Let me go on, I've got a ways to go to get current with this.

I told you how easy it was to load the car onto the trailer, unfortunately, it wasn't anywhere near that easy to unload. Let me give you a quick lay out of my place. I live at the last house on the end of our street. My property is zoned business and I run my one man welding shop out of the 2 car garage. The garage sits to the west of the house, the front of the garage is 10' behind the house. There is a 16' wide driveway from the garage to the street. West of the driveway is an empty lot that belongs to me. The lot is at the end of the block lined with a side street that dead ends at the back of my property. The property is pretty flat from the street to the front of the garage. Then it drops 8' in elevation from the front of the garage to the back of the garage. There is a 20' plateau before the elevation drops another 8' to the fence at the back of my property. Behind the fence, the elevation drops another 15' to a set of railroad tracks.

Because I use my garage to make a living, I must keep it mostly open, with easy access to it. That means any long term project has to sit in the grass along the west side of the drive, but in front of the garage.
The biggest piece of equipment I have here is a cherry picker, and it doesn't work very well in the grass. The car is on a borrowed trailer, so I have to get it off. The next problem is once its off the trailer, I won't be able to move it easily. The bed of the trailer is diamond plate steel, so the car can slide on the trailer with a little force, but there is a step to hook ramps to that would prevent the car from sliding off the trailer completely. To complicate matters worse, most of the time I'm working alone. My plan was to back the Dakota to a right angle to the drive, put my cherry picker in line with the drive, and chain it to the Dakota. Then I backed the trailer up to the cherry picker and unchained the car from the trailer. I hooked the cherry picker to the car frame and lifted the front about 3" off the trailer deck. Then I drove the trailer forward as the car slid on the trailer bed until only the front drums were still on the trailer. Jacked the cherry picker up another 12"-15" then put a pair of jack stands under the front frame, as high as I could go. I went back and lowered the picker until it wedged the front drums off the trailer bed. I removed the trailer and raised the picker up and set another pair of jack stands under the rear frame. With the car sitting solidly on 4 jack stands, the cherry picker was unchained from the Dakota and move it. Then the cherry picker was dug out of the grass and put back in the garage.

After several days of cleanup and all the measurements taken, covered earlier, The plan was made. For the record, everything done with the Dakota took place on the lot side of the driveway, side of the coupe. With the Dakota cut down to a frame, drive train and firewall and floor pan, it was moved onto the lot, out of the way.

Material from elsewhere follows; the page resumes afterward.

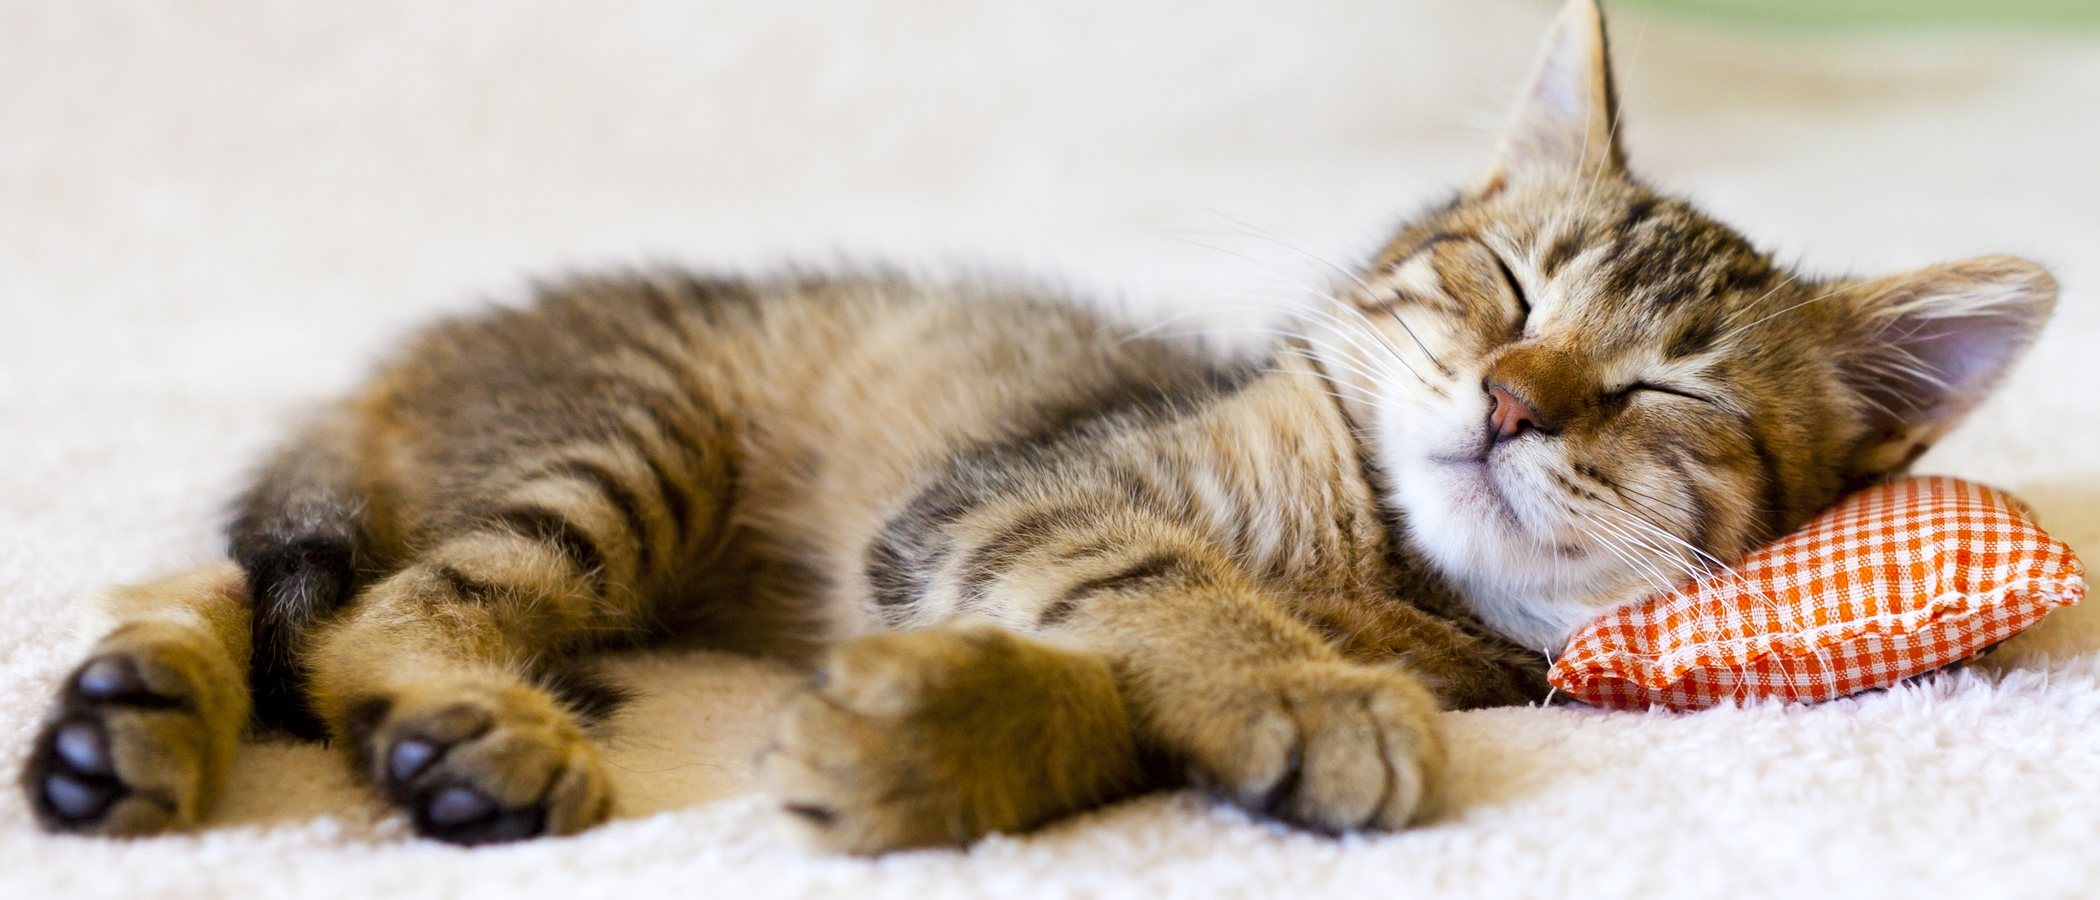 Síntomas de envenenamiento en gatos: primeros auxilios

Now the real fun began. It was time to remove the body shell from the coupe. The coupe body was braced inside with electrical conduit across the door openings and back to the rear wheel wells and from side to side with 2 levels of bracing, one set near the top of the doors, and the other set as low as I could get. I had hoped to keep the body as close to original as was possible, though I already knew it was off a bit from all the rusted structure. Wish I could show pictures of the bracing, but they are on the dead computer. Inspection told me I had 2 body mounts remaining at the firewall, and the very back 2 body mounts at the rear bumper that were still holding the body to the frame. In the cars previous life, someone cut out the center of the trunk floor and the lower 6" off the passenger side from the firewall to the rear wheel well. Both floor pans had rotted away from the firewall to the rear wheel wells, from the frame to the outer body shell. With a sawzall, I cut about 18" of floor along both rear wheel wells, removed the front 2 and rear 2 body mounts and the body was ready to lift off the frame. I left the doors on the body shell and intended on placing a 4" x 6" wood beam I have on a welded post on my cherry picker, through the door openings to lift the body. Here is where the next problem became apparent. Remember the car is sitting on the grass alongside of the driveway? To position the cherry picker to lift the body, the picker is completely off the driveway and will need to roll on to the driveway because I can't move the frame. The cherry picker won't move in the grass with the weight of the body hanging on it. To make matters worse, the grass is a couple inches lower then the driveway is, so even if it would have moved in the grass, it would not have come up on the cement driveway.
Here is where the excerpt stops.